Агустину Пи{15}
Хочешь, чтоб я тебя помнил?
Дунь,
обрати меня в лист.
Мошка в луче.
Проснешься —
между тобой и подушкой
одна пустота.
Обратиться пчелой?
Отступи,
расцвети этот вечер, погладь
пса в холодную ночь.
Колоннада весны:
тень вселяется в ствол,
чтобы очнуться младенцем
в пеленках.
Иглы звезд
изузорили кожу змеи.
Вот он, строй благодати:
змеящийся путь
и царская щедрость.
С какой высоты
ты склоняешься к сотам
во тьму.
Все ниже… И все нежнее
твое подобье.
Скрыться,
исчезнуть в спасительном облаке.
Путь несводим
к неприкаянной горестной точке.
Агония рыбы
вне движущего удивленья —
всего лишь зеркальный мираж.
Нить зажата в зубах,
но ни лабиринта,
ни выхода.
Ночь обступает
запавшего в память
листу.
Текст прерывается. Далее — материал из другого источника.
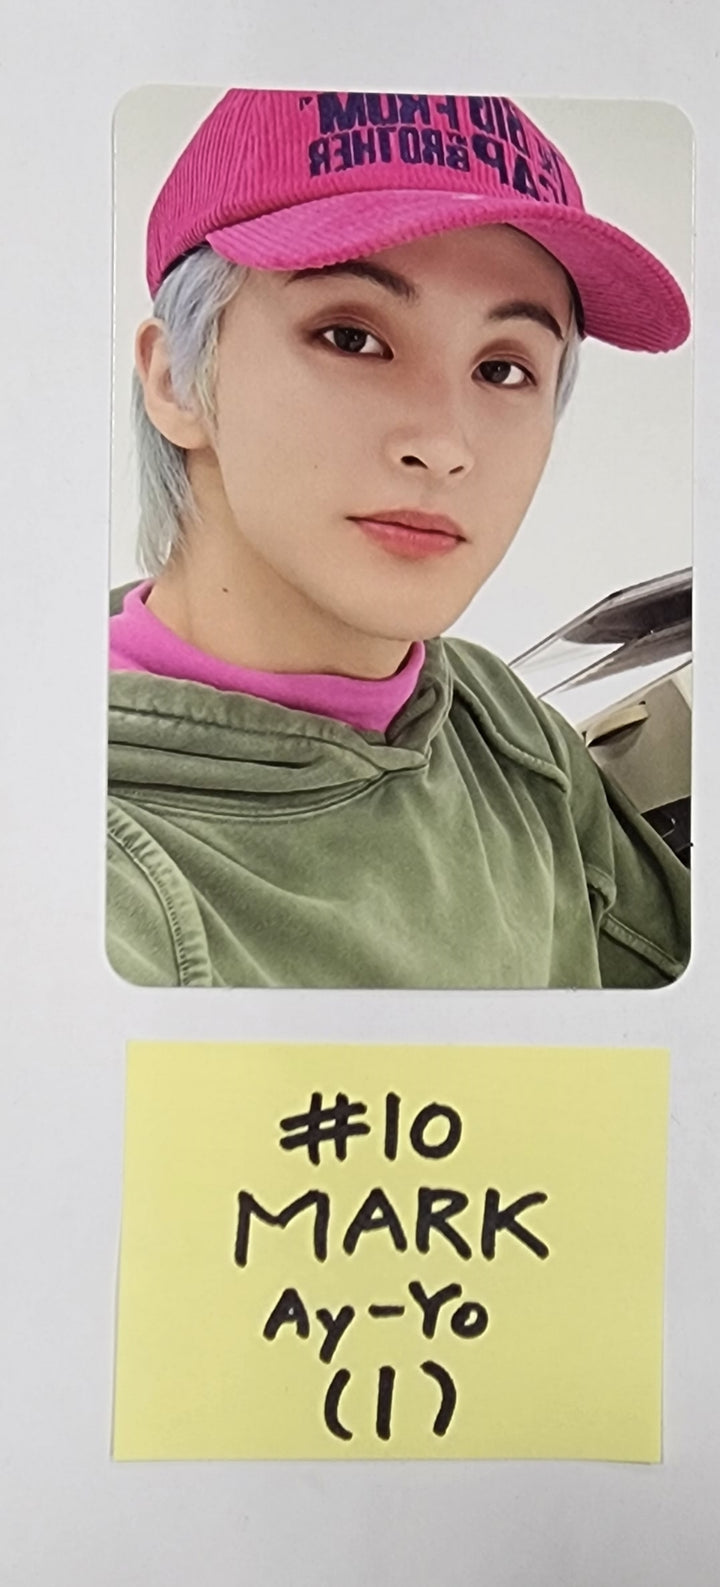 NCT127 "AY-YO" - Smtown Official Trading Photocard (B ver) [Updated 4/18]

До чего ты промок,
и между тобой и пустотой —
одна пустота.
Музыкальная повозка
Памяти Раймундо Валенсуэлы{16}
и его карнавальных оркестров
Не повозка с притушенными огнями,
а месторождение звука.
Валенсуэла разбрызгал двенадцать оркестров
по Центральному
Парку{17}. Заторы фригийских светилен, любовных
беседок
с байковым небом, компостельских неверных слезинок{18}
В сумерках высыпают гимнасты, затягивая пояса,
чтобы взвиваться с таким гаванским порывом флейты.
Флейта, словно веревка, привязана сном за пояс.
Пояс — как флейта в летках осиного роя.
Генералом, смягчающим рык, рассовывая сигары
часовым на постах, Валенсуэла проверил
зодиакальные знаки.
Звезды оркестров блистали над зеленым сукном
столов,
а Валенсуэла подслащивал их скопленья.
Сласти в ажурных кровинках, грейпфрут с гнутой
корицей,
ляпис-лазурь сластей. Оракул коварной миски.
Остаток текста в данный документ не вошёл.